2 Comments | Leave a comment

Gregory Morris | July 31, 2008 7:37 PM | Reply

Maybe they'll just ask to search cars with NRA stickers on the side?

This is the reason I think the law is really a solution in search of a problem... current Florida law gives no legal weight to "no guns allowed" signs. That means, as a customer, I can still carry my firearm onto a business's property either in my car or concealed on my hip. The only way I could face prosecution is if the owner discovers my firearms and I fail to leave upon their request.

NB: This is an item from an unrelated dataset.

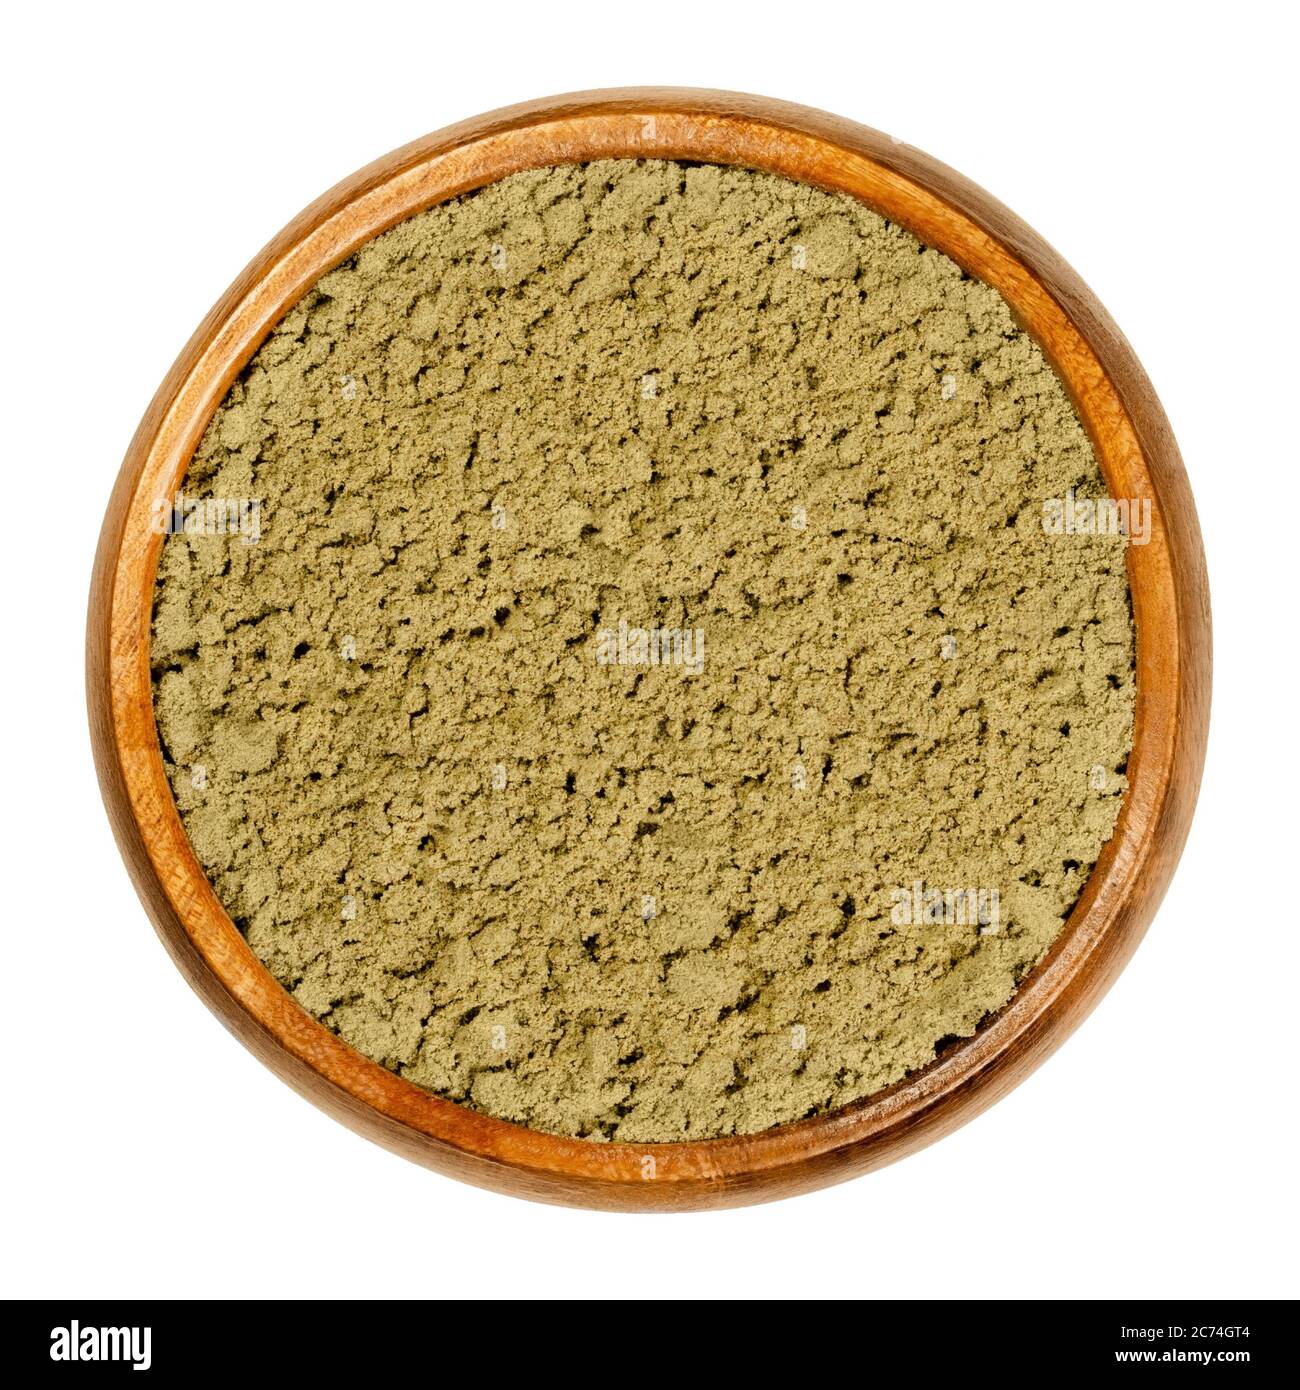 Hanf-Protein-Pulver in Holzschale. Gemahlene Samen von Cannabis sativa. Glutenfreies Nahrungsergänzungsmittel für Sportler. Eine Alternative zu Molkenprotein. Stockfoto

So this is really a non-issue.

wrangler5 | August 1, 2008 12:00 PM | Reply

I have had a chance to read the entire opinion in this case. It is a VERY well written piece, and preserves the core of the original legislation - CCW holders may keep guns in their cars on their employer's parking lots. (The original bill allowed ALL employees to keep guns in their cars, but before final passage this was cut back to CCW holders only, presumably for internal political reasons.)

The part of the opinion that deals with businesses being able to keep CUSTOMERS from having guns in their cars is, as I read it, an (intellectually) accurate but (practically) irrelevant excursion into statutory and constitutional analysis. It is based on the very specific statutory definitions of the terms "employee" and "employer," which the judge observed "do not comport with ordinary English usage nor with the terms' commonly applied legal definitions." These definitions would have made sense when the law applied to all employees, but they became irrational (and were not changed) when the law's coverage was cut back to employees with CCW permits only.

There is little if any opposition in Florida to guns in cars. I have visited Florida at least once a year for the past 30 years and have never seen a parking lot posted against guns (for that matter, I haven't seen a business posted, either.) So the judge's decision that a business MAY forbid guns in customers' cars in its parking lot probably will have zero effect on the ground.